Your copy should match the listing word for word, apart from the pictures, which are left out.
____ Information shown
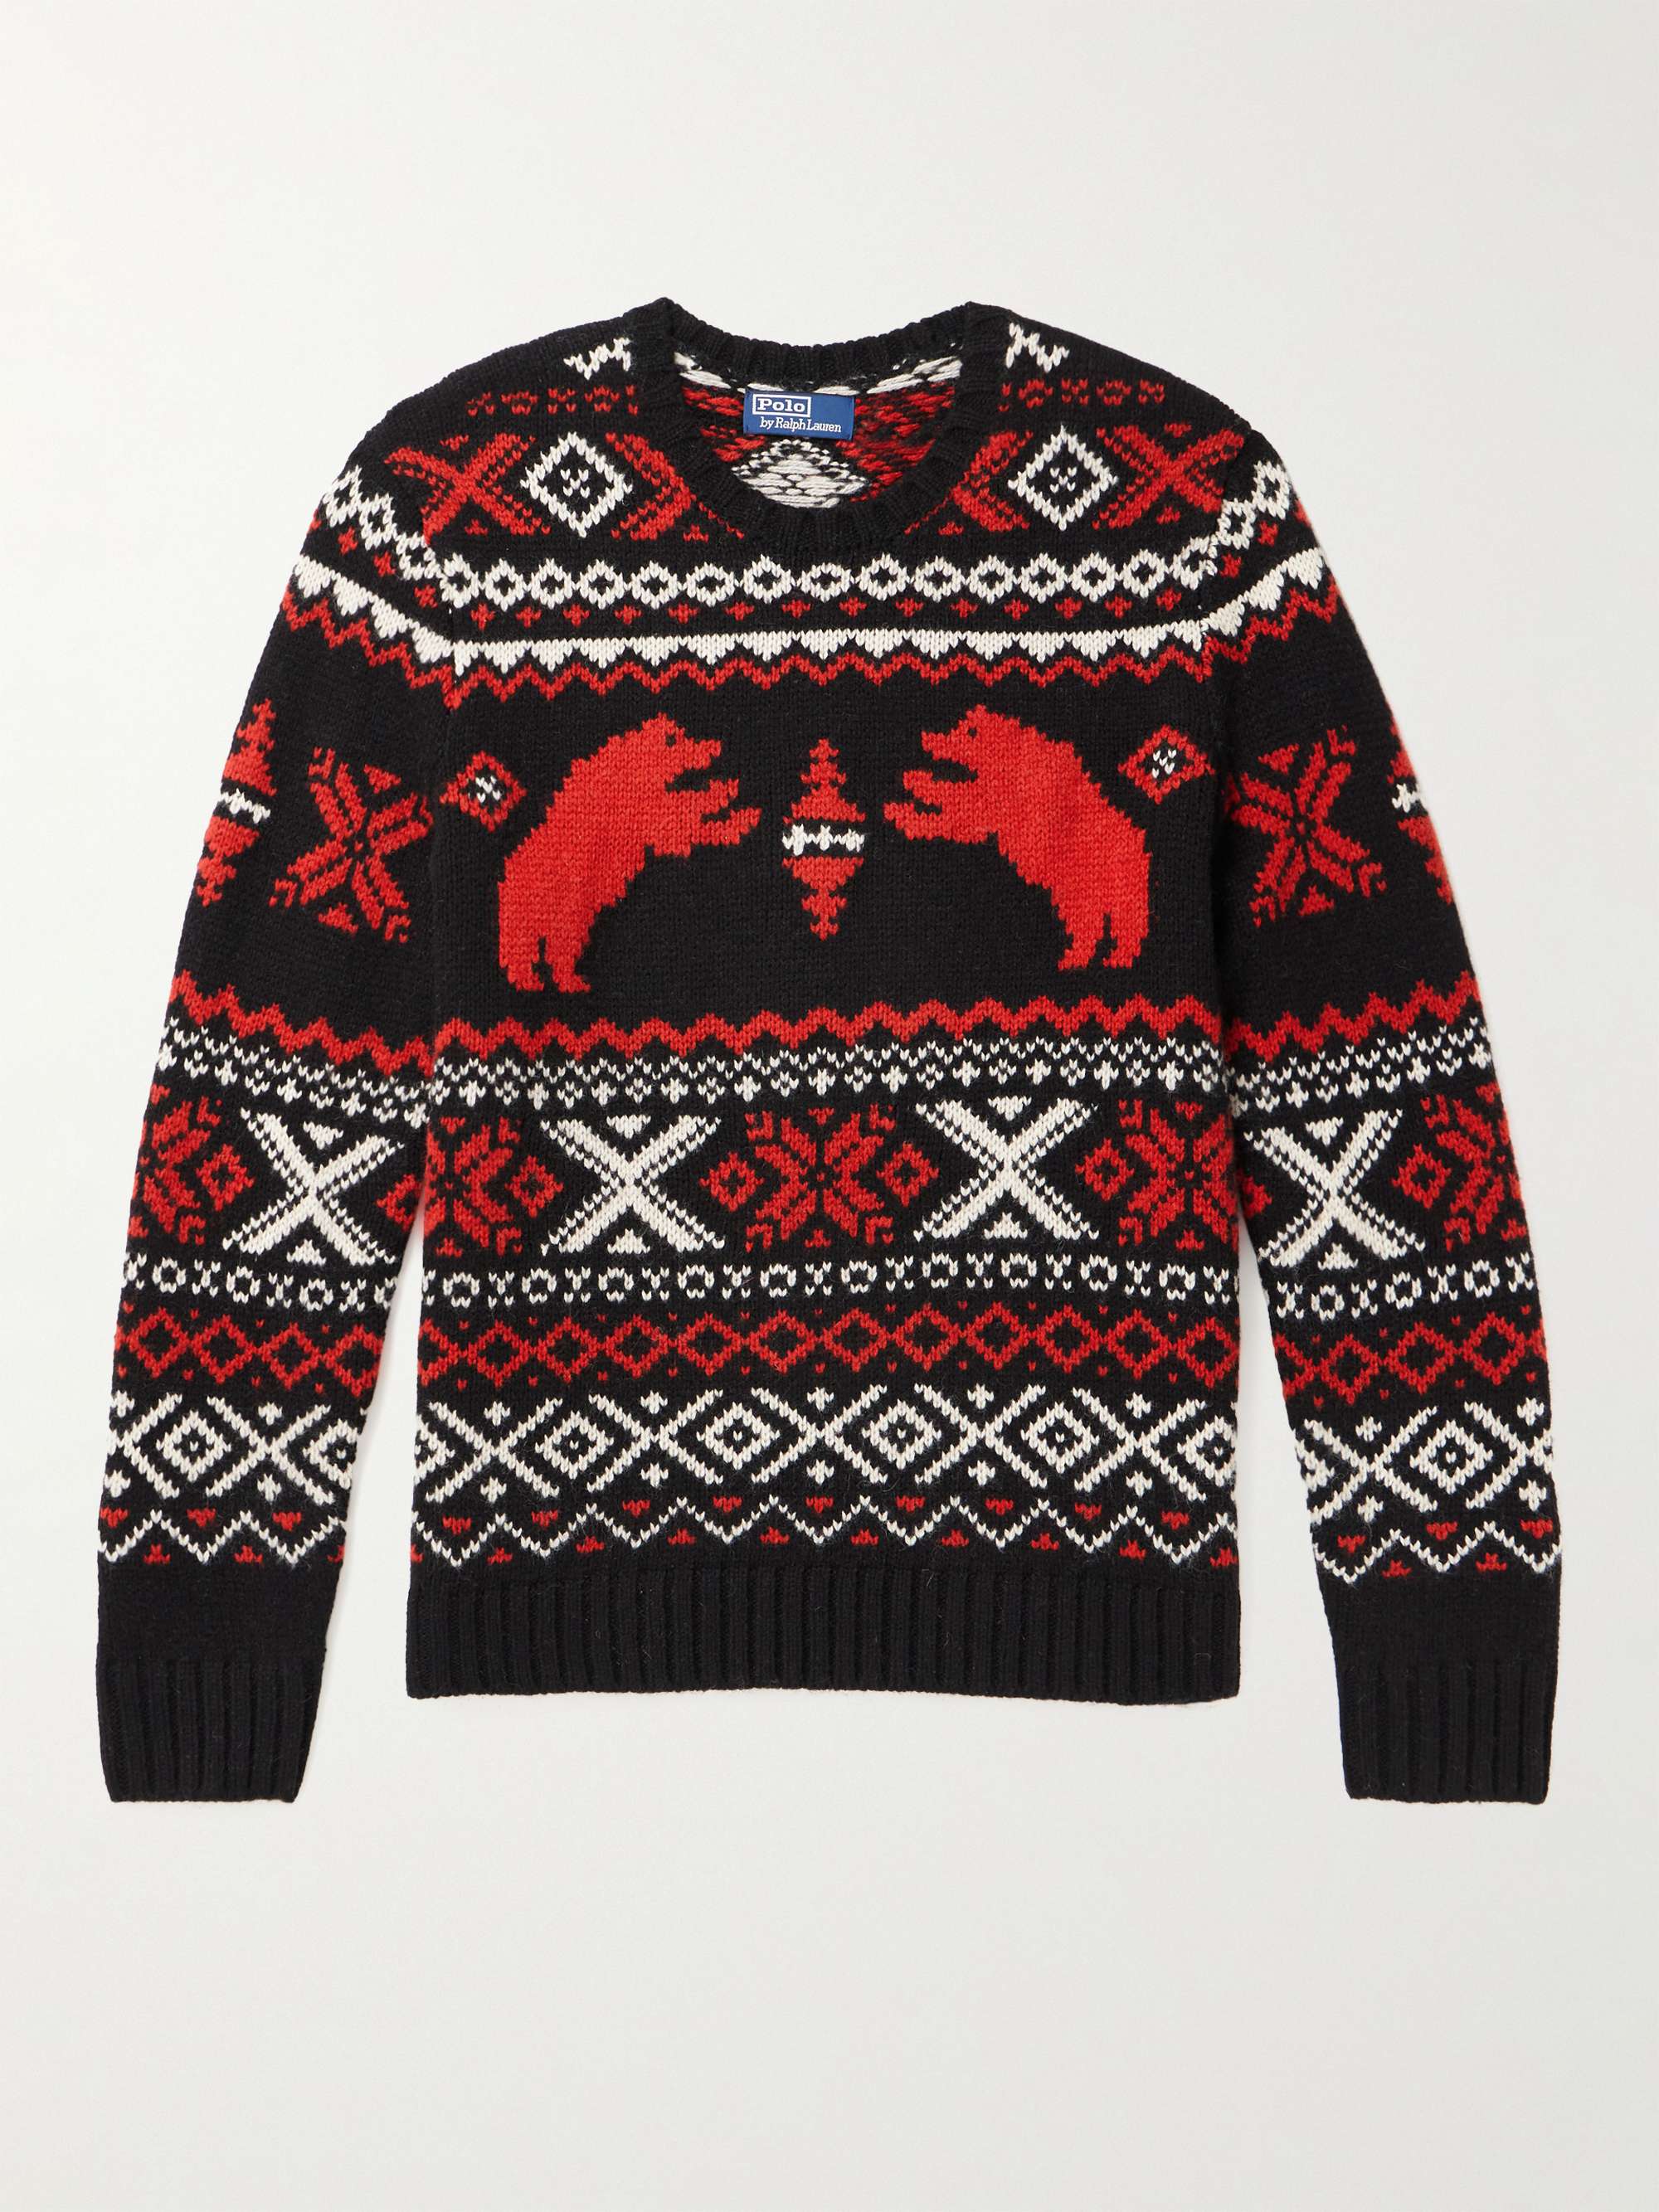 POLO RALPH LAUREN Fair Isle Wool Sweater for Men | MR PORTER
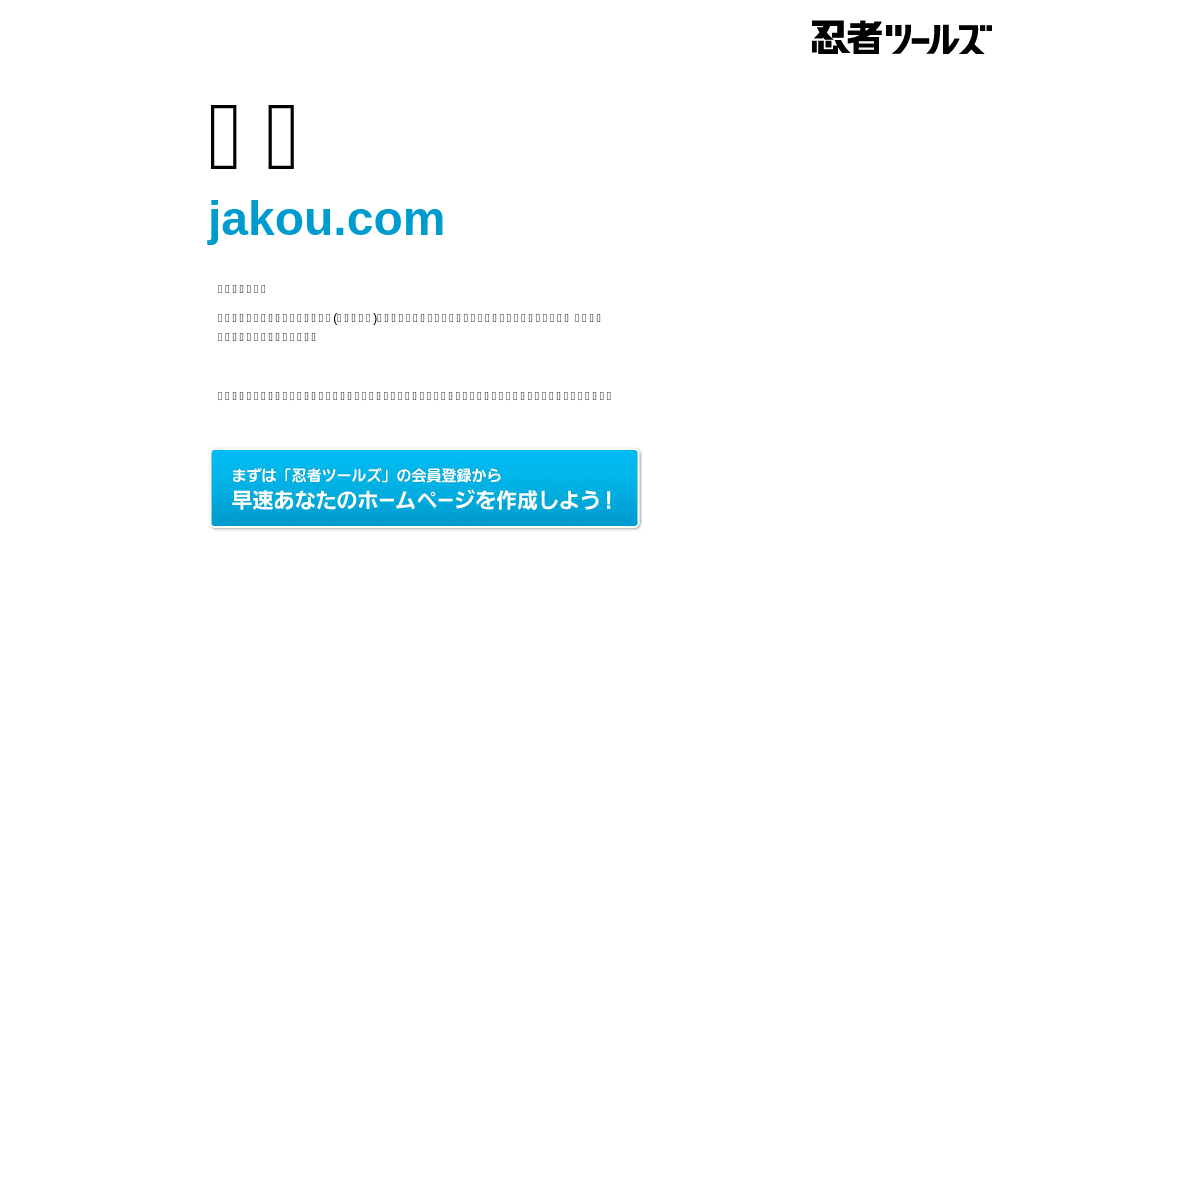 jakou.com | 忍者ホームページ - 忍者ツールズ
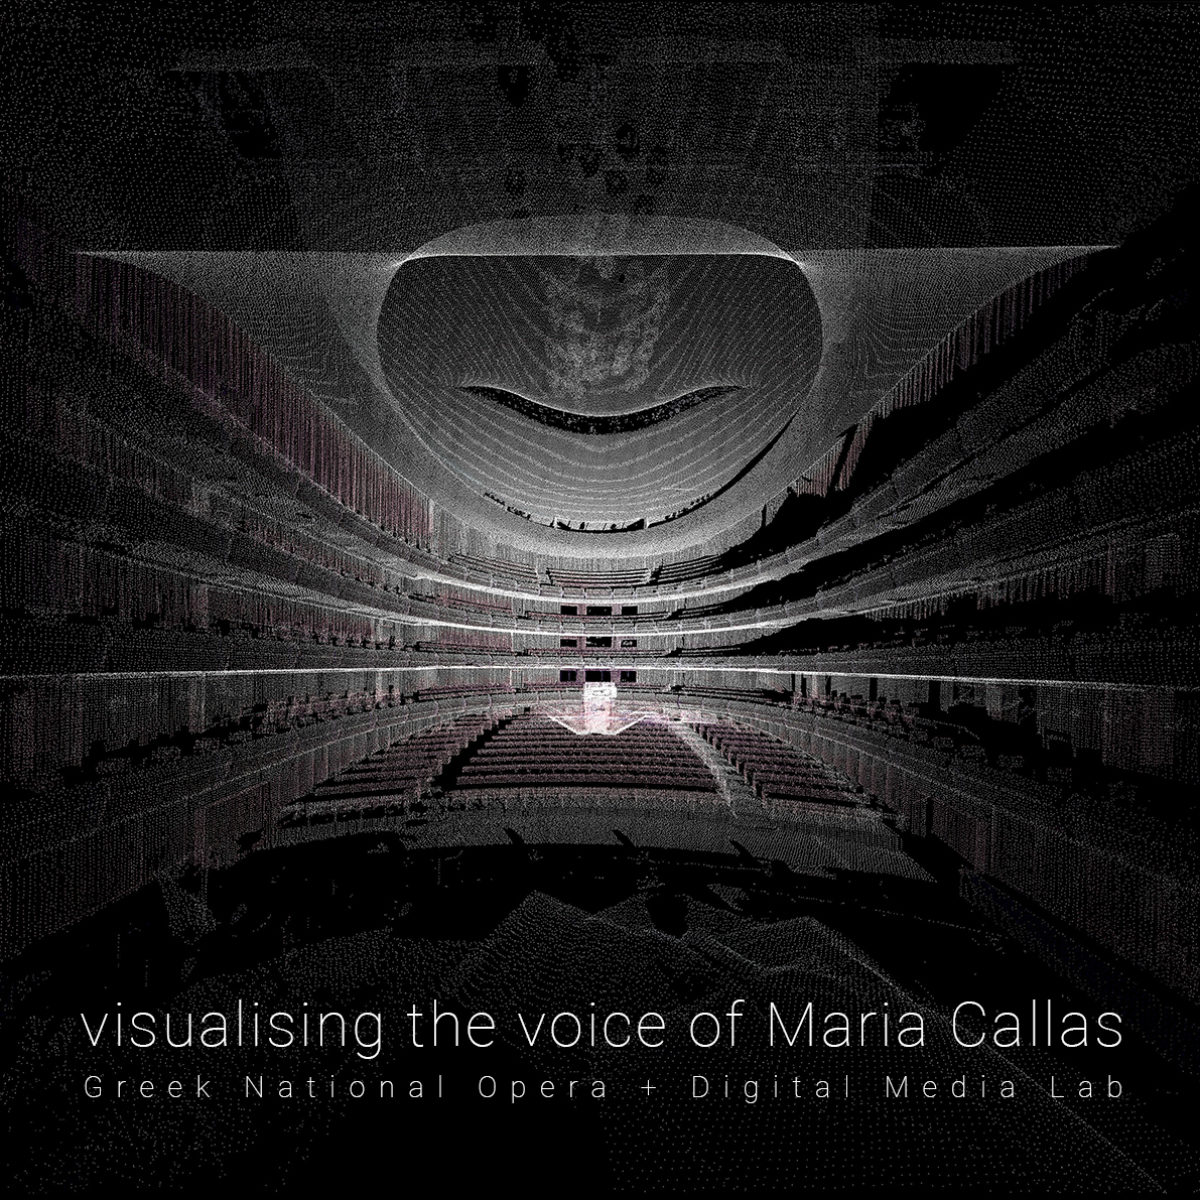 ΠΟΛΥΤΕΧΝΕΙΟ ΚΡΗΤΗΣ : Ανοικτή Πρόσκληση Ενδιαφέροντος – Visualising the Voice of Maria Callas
________
→ **Response to this task**
 POLO RALPH LAUREN Fair Isle Wool Sweater for Men | MR PORTER
 jakou.com | 忍者ホームページ - 忍者ツールズ
 ΠΟΛΥΤΕΧΝΕΙΟ ΚΡΗΤΗΣ : Ανοικτή Πρόσκληση Ενδιαφέροντος – Visualising the Voice of Maria Callas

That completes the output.